Ce qui est intéressant ici, c'est que la causalité écologique agit en interaction étroite avec la causalité organique : par exemple l'offre de nouveaux produits entraîne de nouvelles addictions, mais aussi avec la causalité éthique qui, au plan individuel comme au plan collectif, se traduit par des raisons de consommer, de chercher à décrocher, d'interdire, de tolérer, etc. L'une des questions récurrentes est en particulier de savoir dans quelle mesure les dispositifs éthiques agissent de façon favorable ou défavorable sur les dispositifs organiques et environnementaux. On a par exemple des raisons de penser que la condamnation morale, outre ses aspect stigmatisants, favorise autant la transgression et le goût du fruit défendu que l'évitement du produit. C'est du reste pourquoi on a peu de chance de rencontrer aujourd'hui [7] des praticiens des soins et de l'aide aux toxicomanes qui fondent leur intervention sur des leçons de morale. On touche ici un point important, sur lequel je reviendrai, concernant le caractère tendanciellement immoral des leçons de morale, qui découle apparemment de la relation d'abaissement ou d'humiliation qu'elles peuvent instaurer entre le faiseur de leçon et le receveur - et qui a suscité, à la suite d'Erving Goffman, la critique de ce qu'on appelle la stigmatisation. Si donc il existe une morale ou une vertu personnelle de la consommation de produits psychotropes, autrement dit une vertu de tempérance ou de contrôle de soi, celle-ci a peu de chance de pouvoir se transmettre sous la forme d'une leçon de morale aux utilisateurs. Et si l'on veut vraiment s'intéresser à la dimension morale de la consommation de drogues sans tomber dans le piège de la moralisation et de la stigmatisation, il faut certainement trouver d'autres voies pour en comprendre la logique.

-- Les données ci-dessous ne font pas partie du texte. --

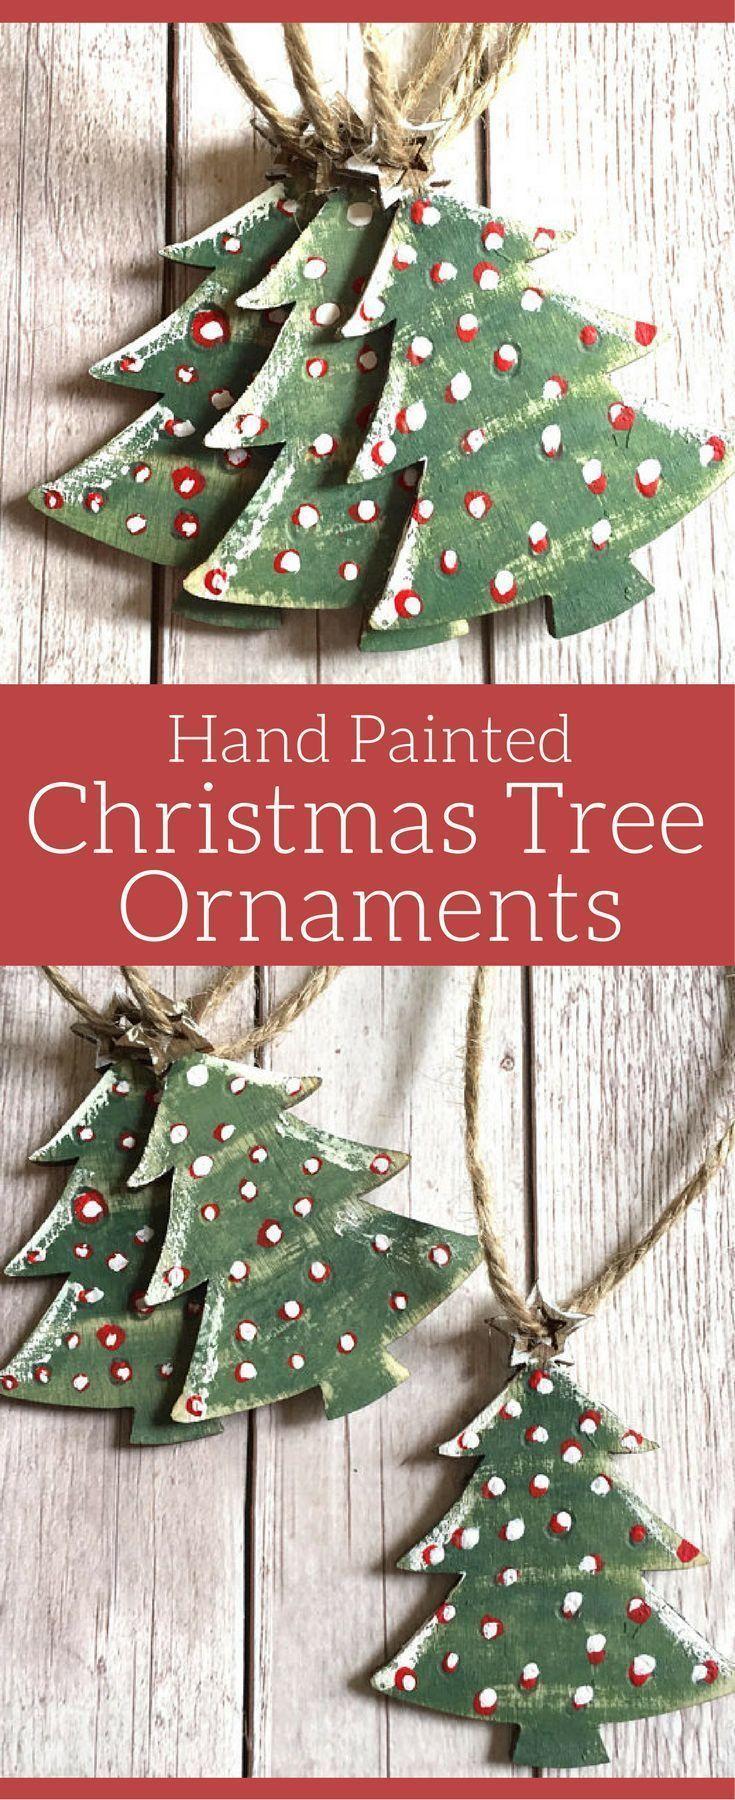 Pin By Karen Beach On Christmas Ornaments Pinterest Vianočné Trhy

2. Hypothèses de recherche

Compte tenu de ces premières remarques, on pourrait formuler l'hypothèse principale de la recherche en partant des deux prémisses suivantes : la première est que le rapport au plaisir est un élément constitutif des causes éthiques de l'usage des drogues. Le plaisir apparaît en effet comme un facteur motivationnel très important des actions humaines et un objet constant d'interrogation individuelle ou collective sur sa valeur morale. Une façon de prendre la mesure de l'importance de ce problème est de remarquer que si tous les plaisirs étaient moralement mauvais, il serait toujours mal de se droguer ; et si au contraire tous les plaisirs étaient moralement bons, il serait toujours bien de se droguer. Les leçons de morale seraient donc très faciles à faire, quoiqu'il en soit d'ailleurs de leur efficacité. Mais comme on admet généralement qu'aucun des énoncés précédents n'est vrai, le problème moral du bon usage ou de l'abus des plaisirs vient de la difficulté à juger de la frontière entre les plaisirs moralement admissibles et ceux qui ne le sont pas. La notion de cause éthique est précisément un moyen de cerner et d'explorer cette frontière.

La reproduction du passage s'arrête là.